= The problem =
The result should be an exact copy of only the lines from the one with "Đồng chí Lê" through the last line of the data below, with pictures omitted.

= Given material =
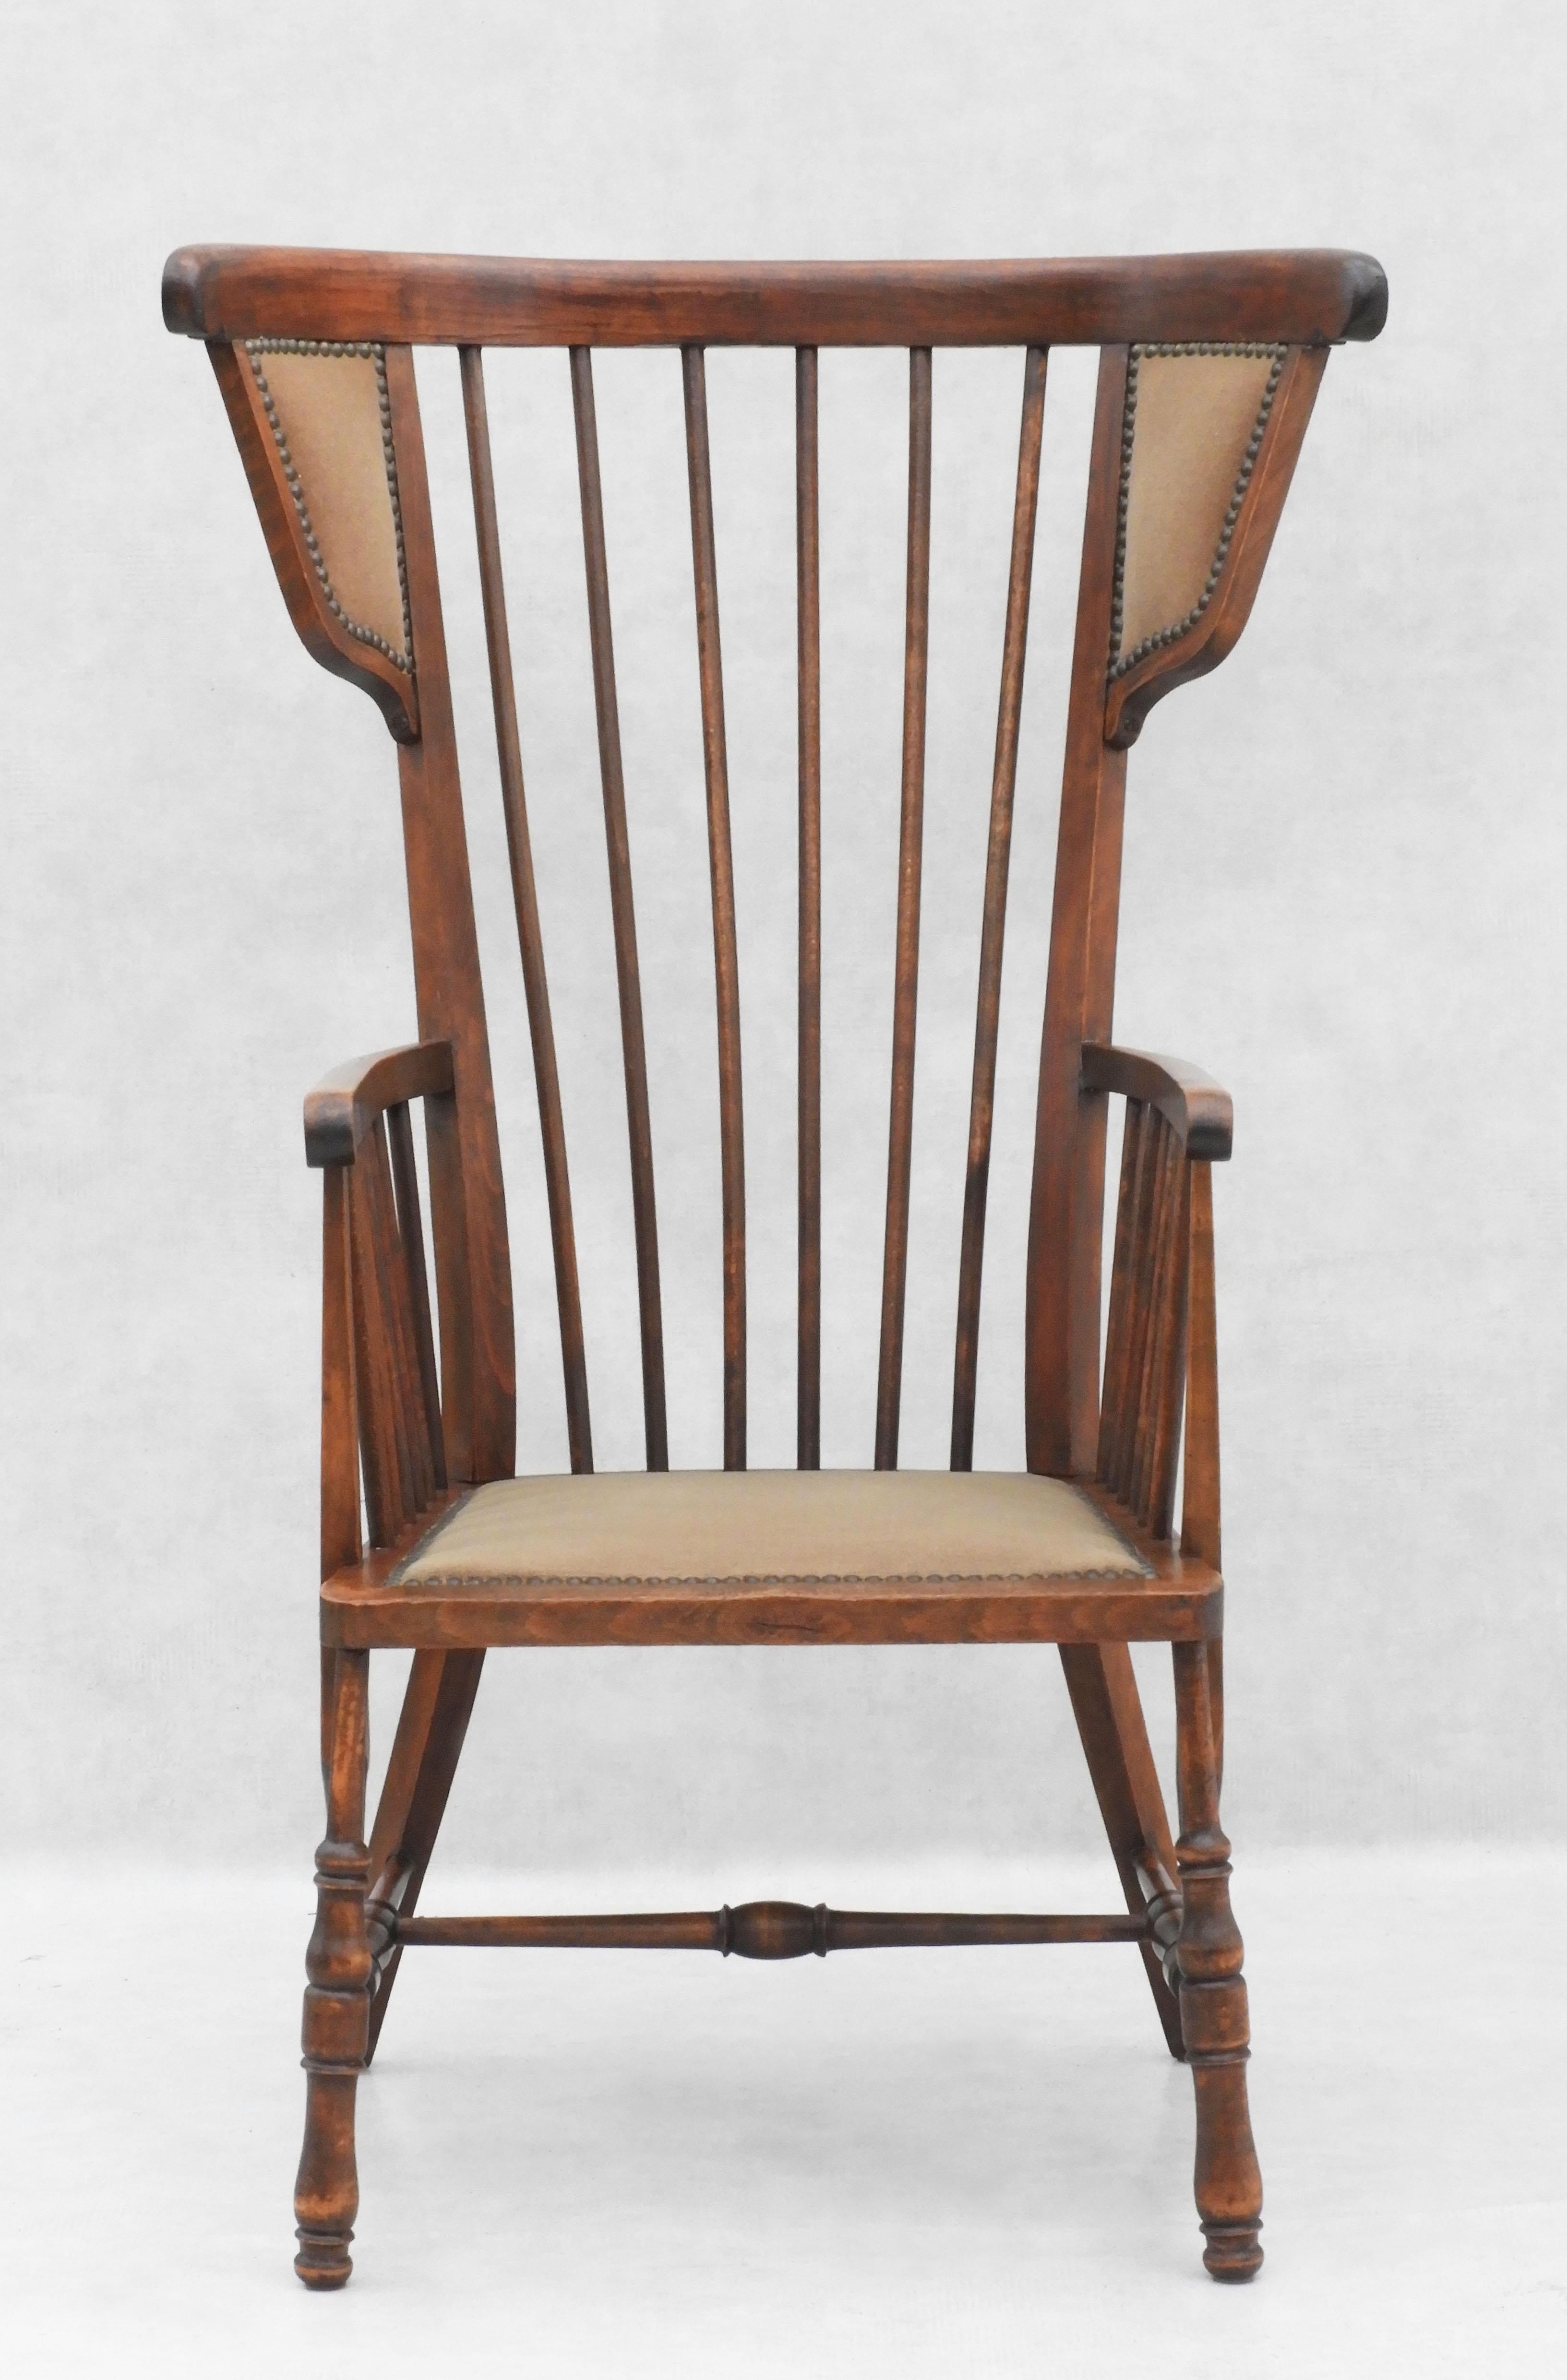 Schön gearbeitete Spindel Holz Flügelrücken Sessel C1900 Frankreich.  Der ungewöhnliche Stuhl verfügt über eine gewölbte Kopfstütze und Armlehnen, eine Spindelrückenstütze und Seitenteile sowie eine gepolsterte Sitzfläche und Rückenlehnen in einem
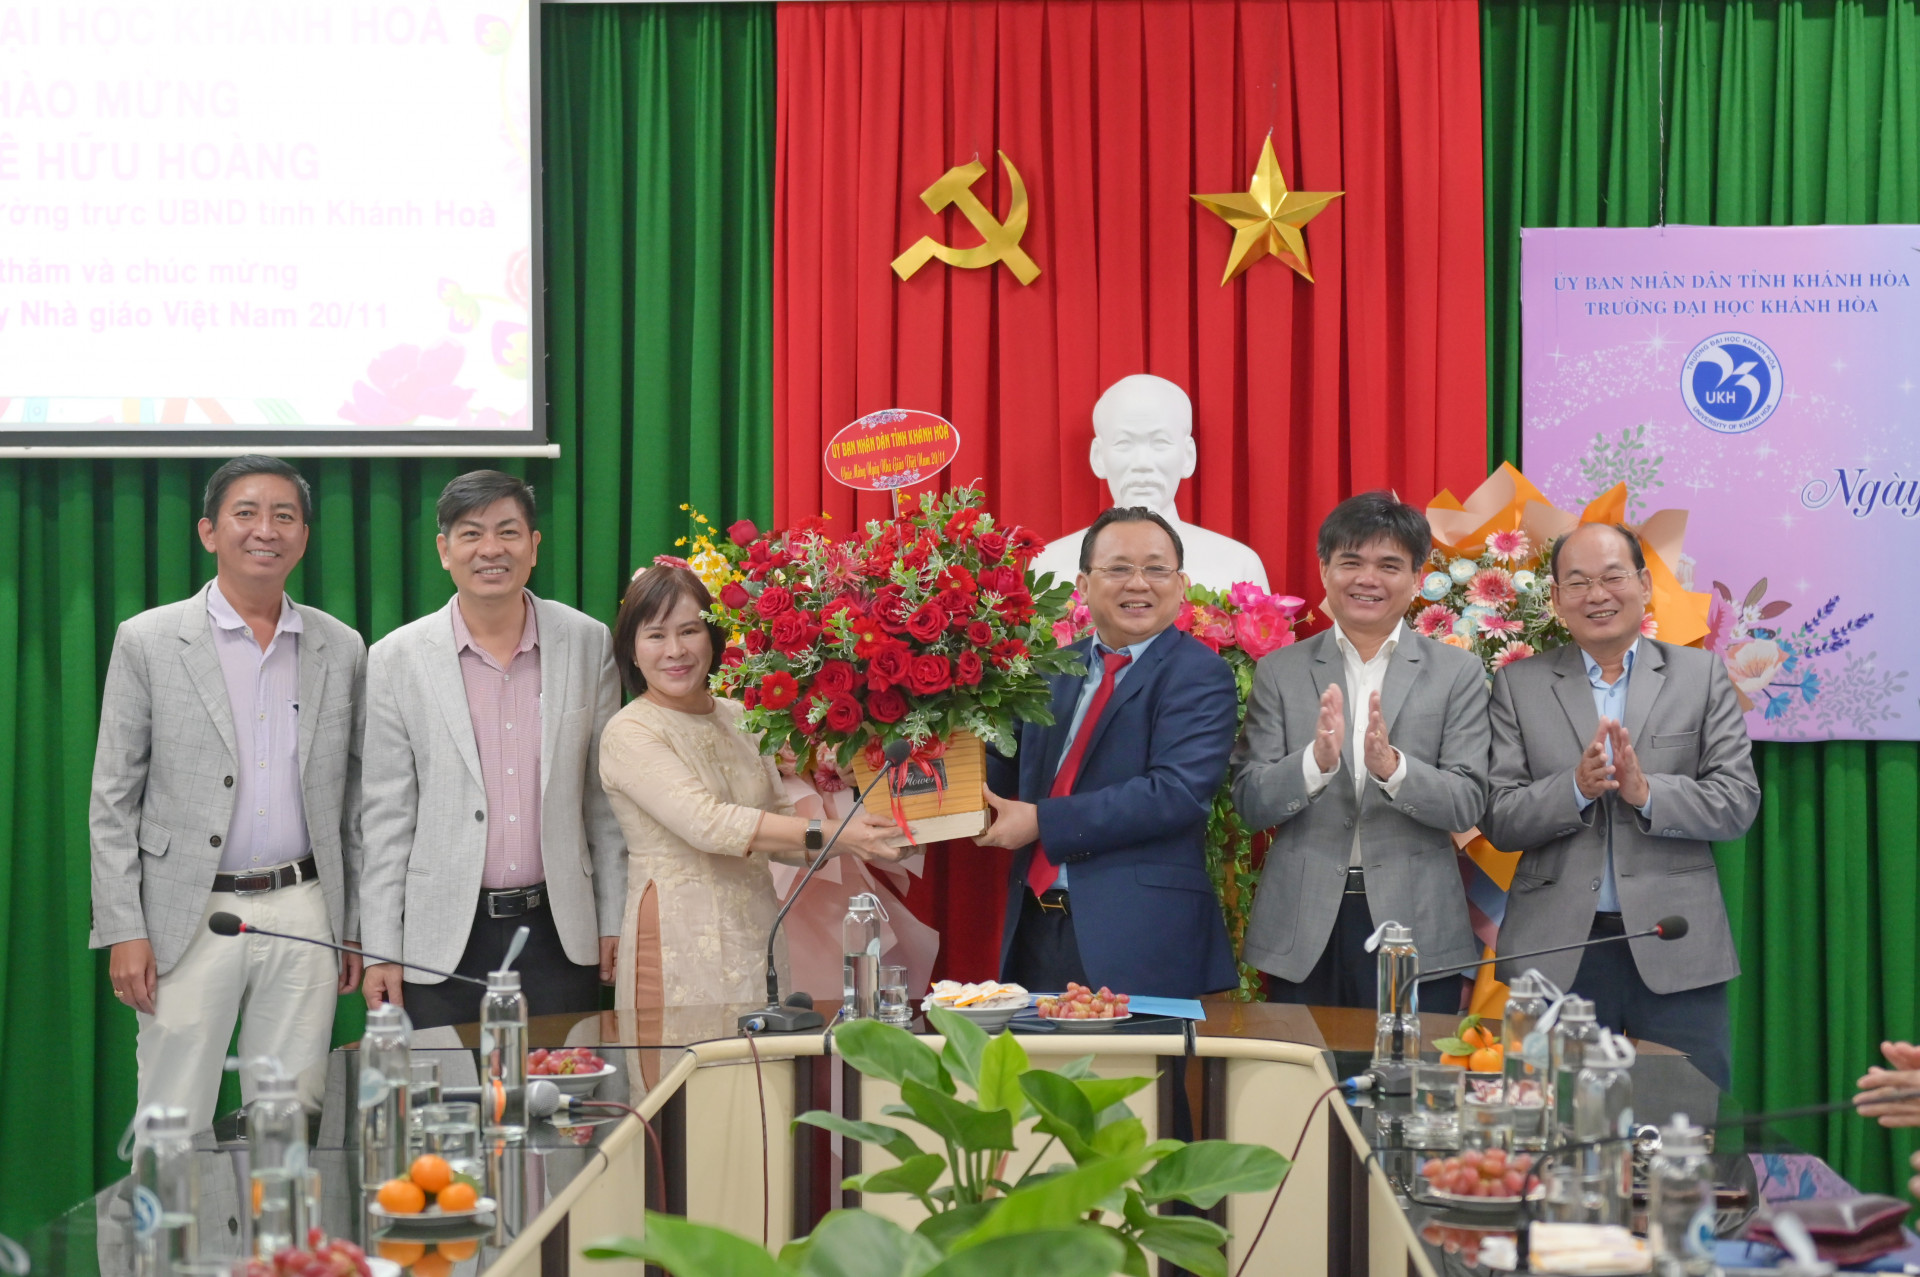 Đồng chí Lê Hữu Hoàng tặng hoa chúc mừng Trường Đại học Khánh Hoà.
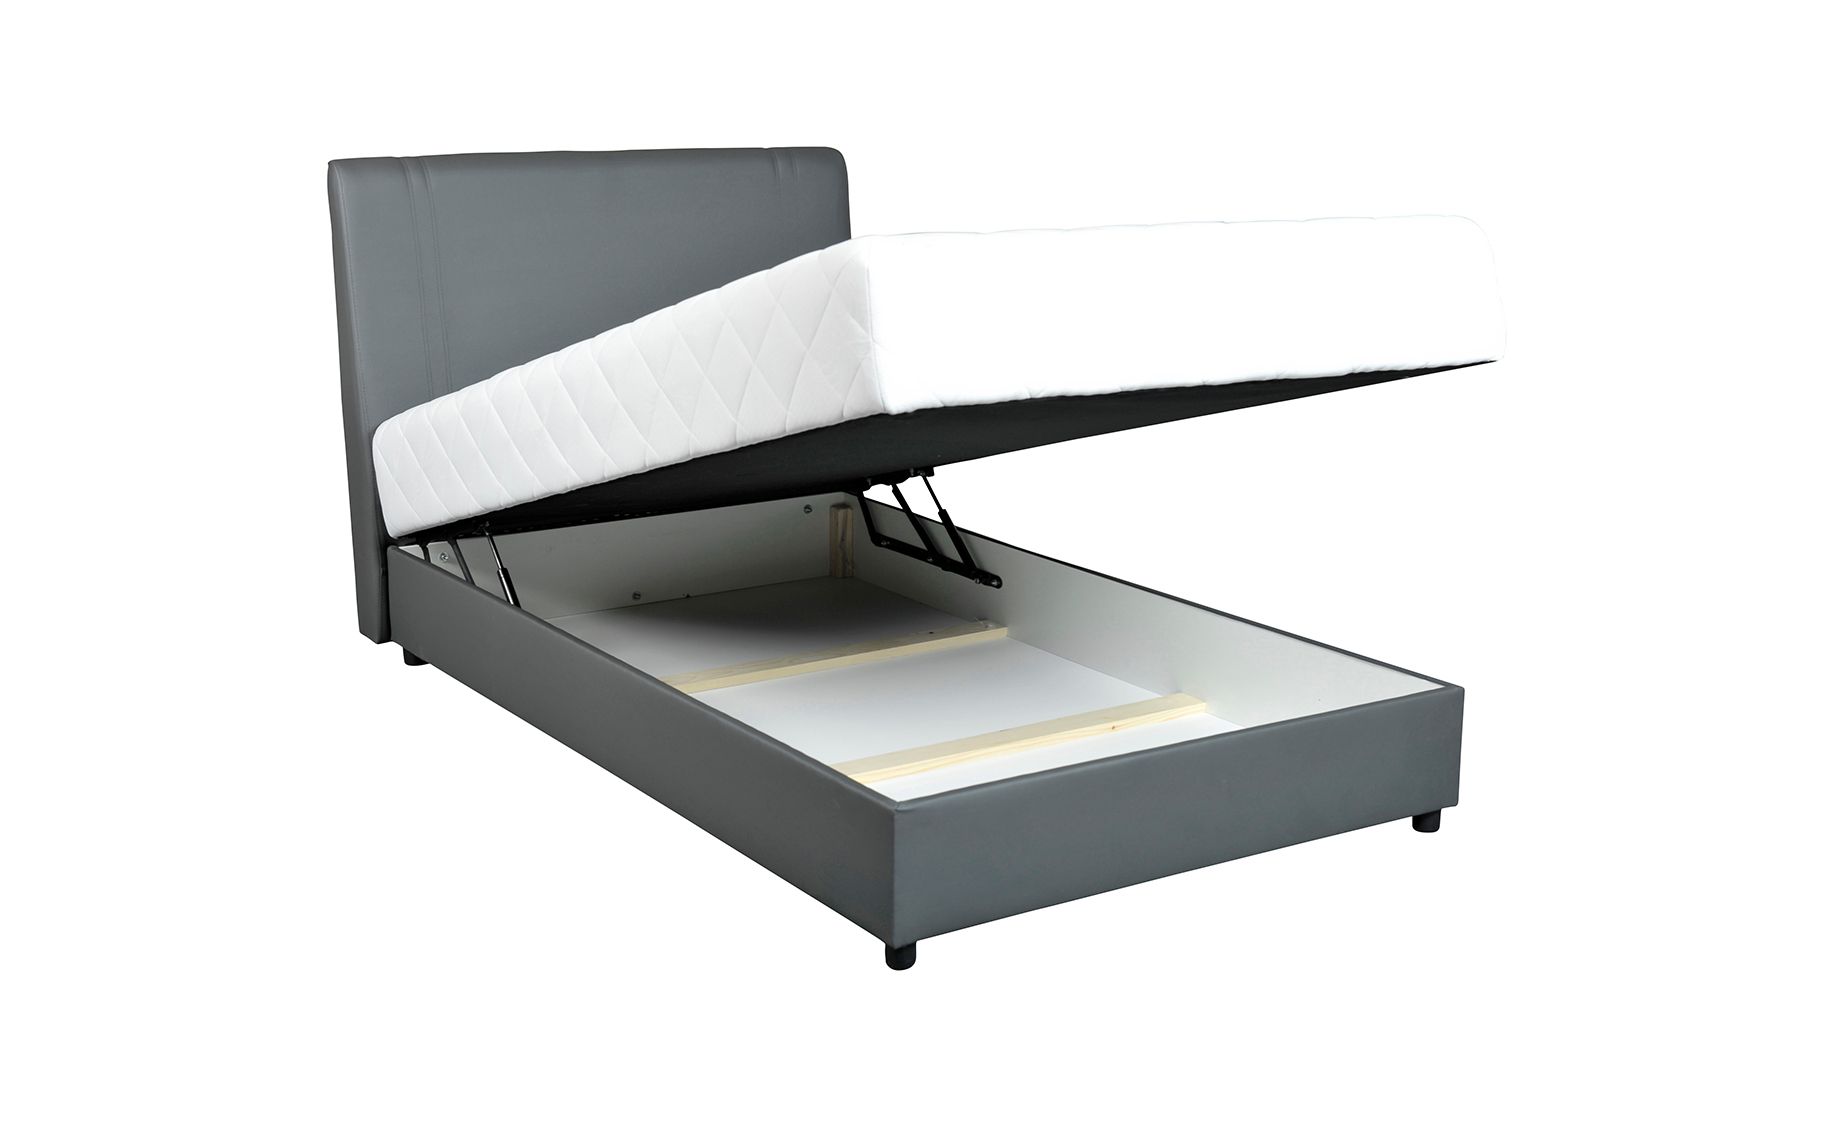 Boem 2 francuski krevet sa spremnikom 120x215x115cm

= Answer box =
 Đồng chí Lê Hữu Hoàng tặng hoa chúc mừng Trường Đại học Khánh Hoà.
 Boem 2 francuski krevet sa spremnikom 120x215x115cm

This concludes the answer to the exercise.